> [Goal of the exercise] When you copy the material below, keep every line exact and drop the pictures.

> [Stored data]
──────
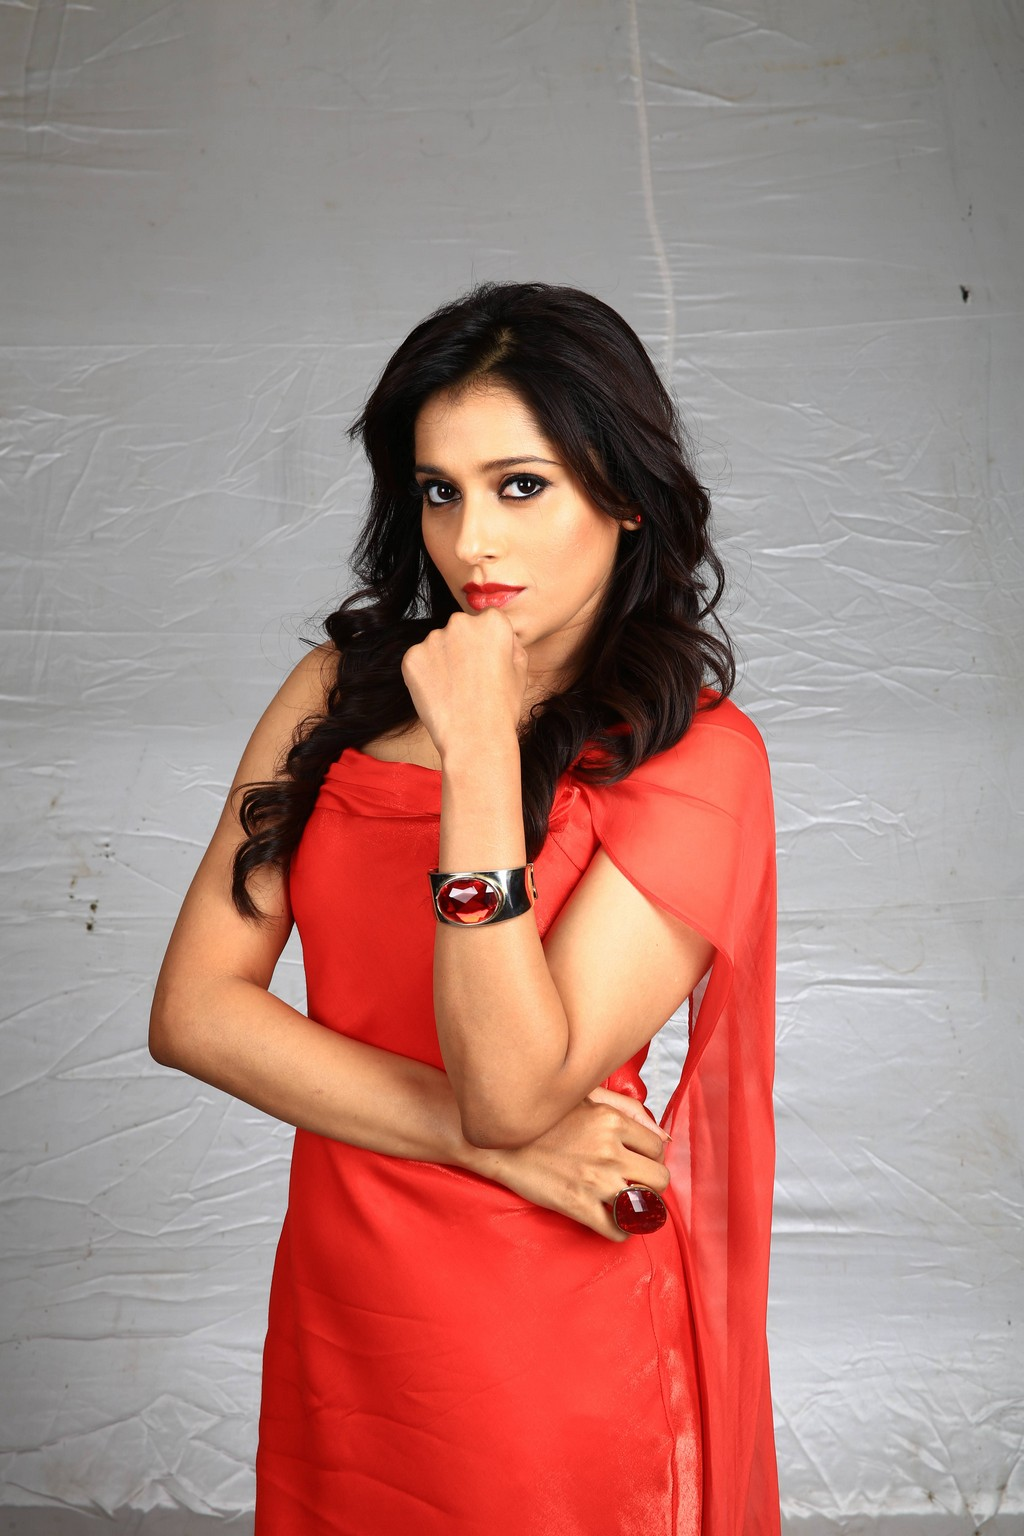 Telugu TV Anchor Rashmi Gautam Long Hair Hot Looking Face Photos In Orange Dress
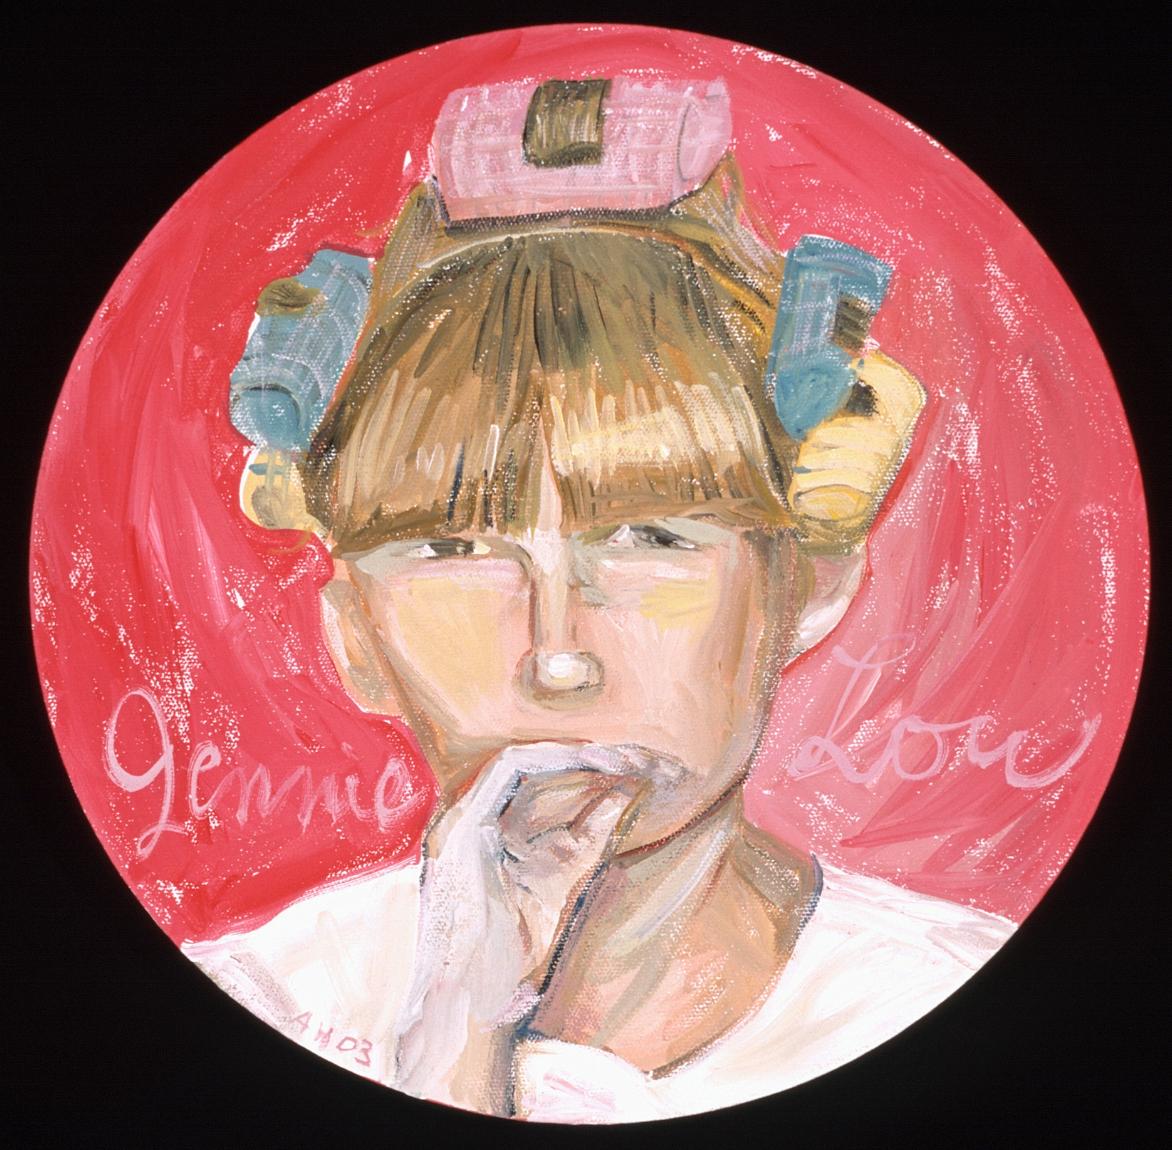 Jennie Lou - Curlers - 1967
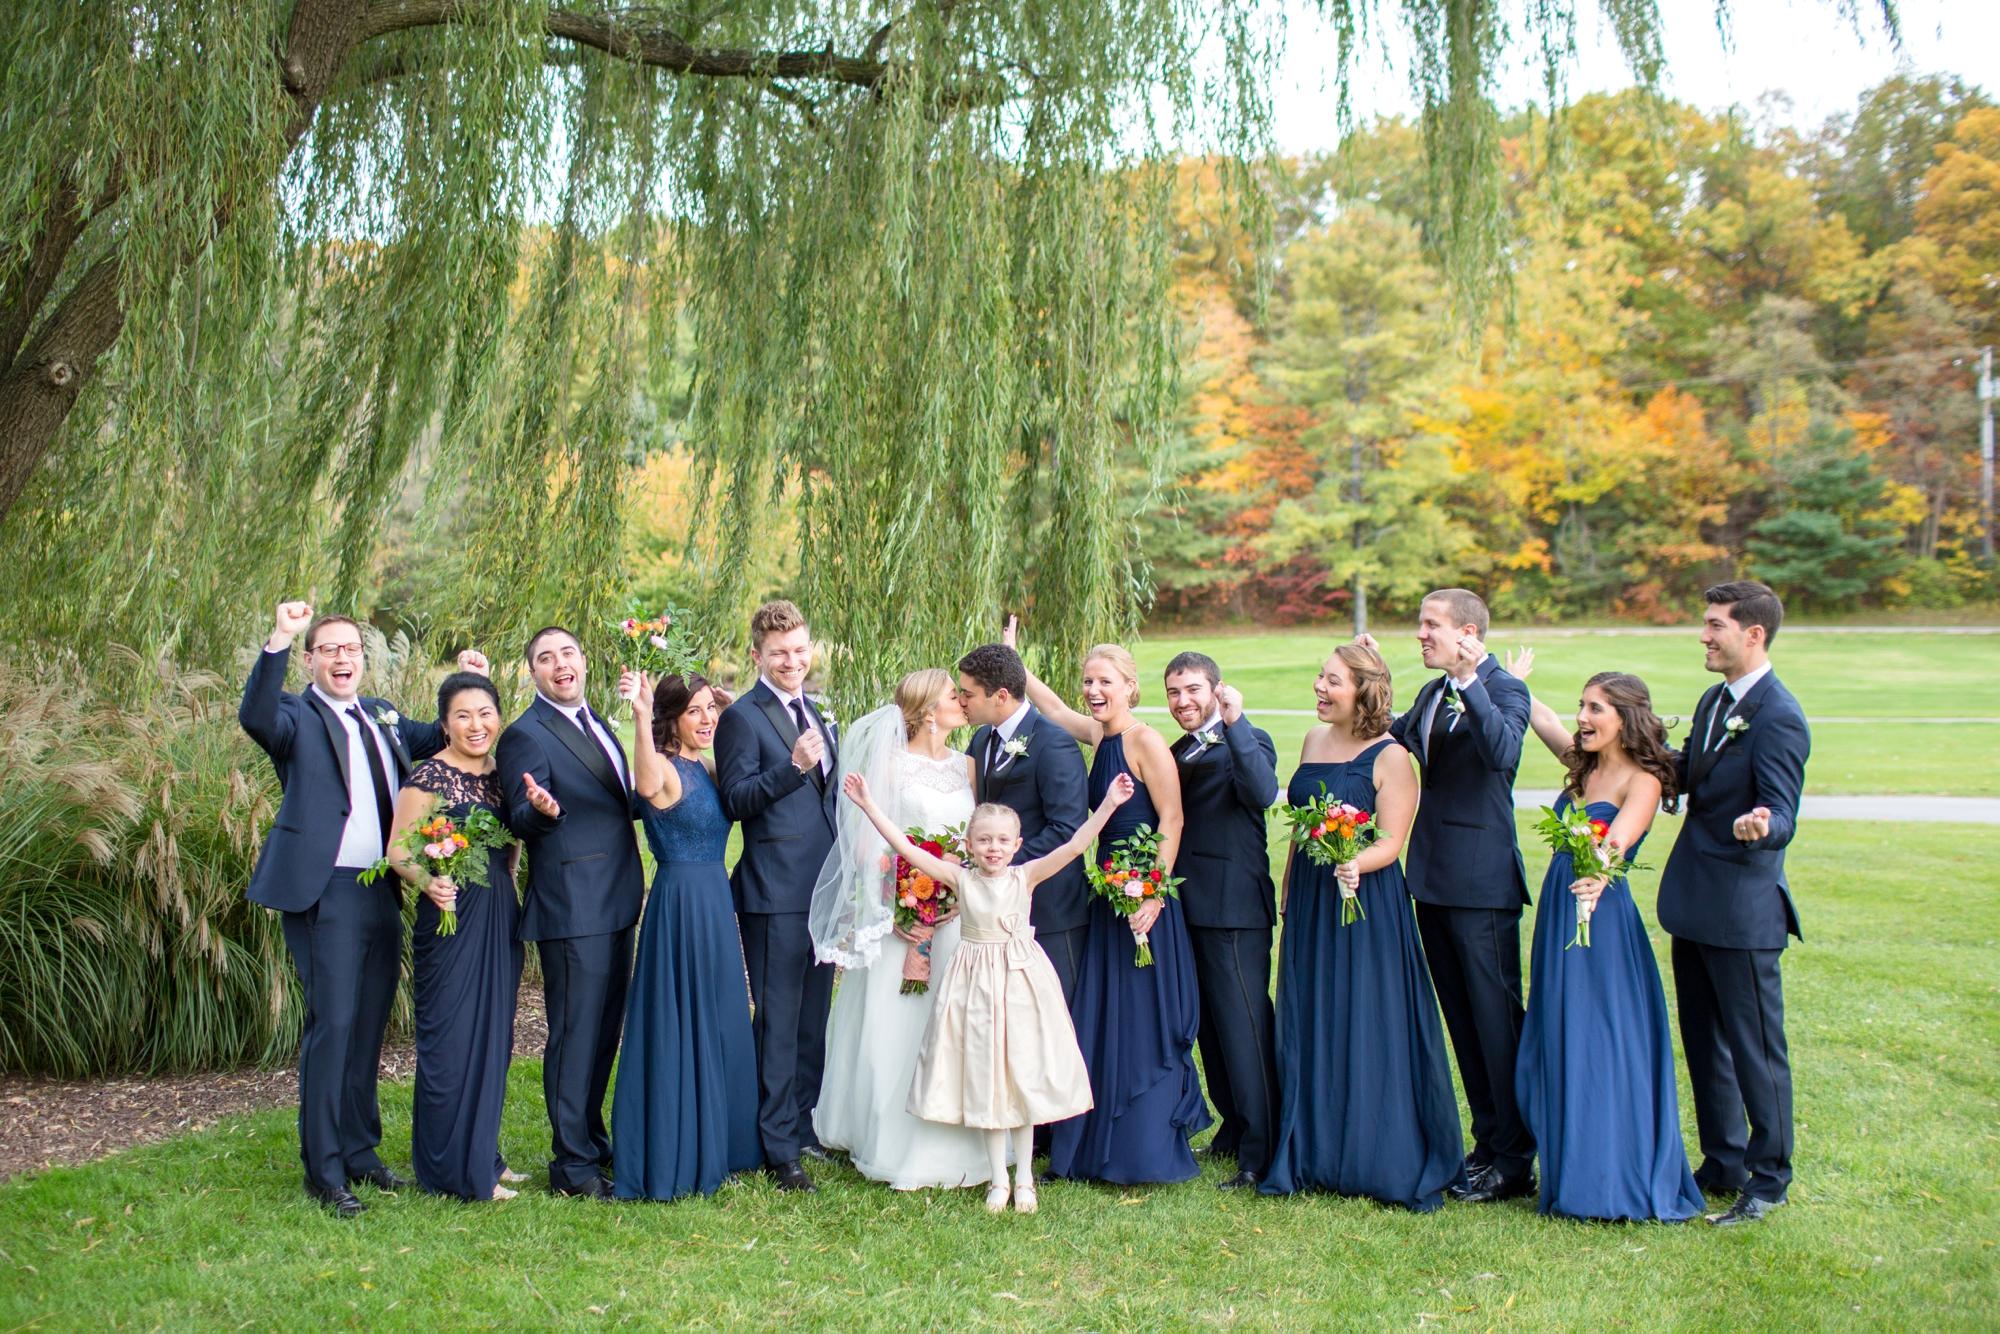 3-Finkel Wedding Bridal Party-478_anna grace photography maryland wedding photographer turf valley.jpg
──────
> [Completed exercise]
 Telugu TV Anchor Rashmi Gautam Long Hair Hot Looking Face Photos In Orange Dress
 Jennie Lou - Curlers - 1967
 3-Finkel Wedding Bridal Party-478_anna grace photography maryland wedding photographer turf valley.jpg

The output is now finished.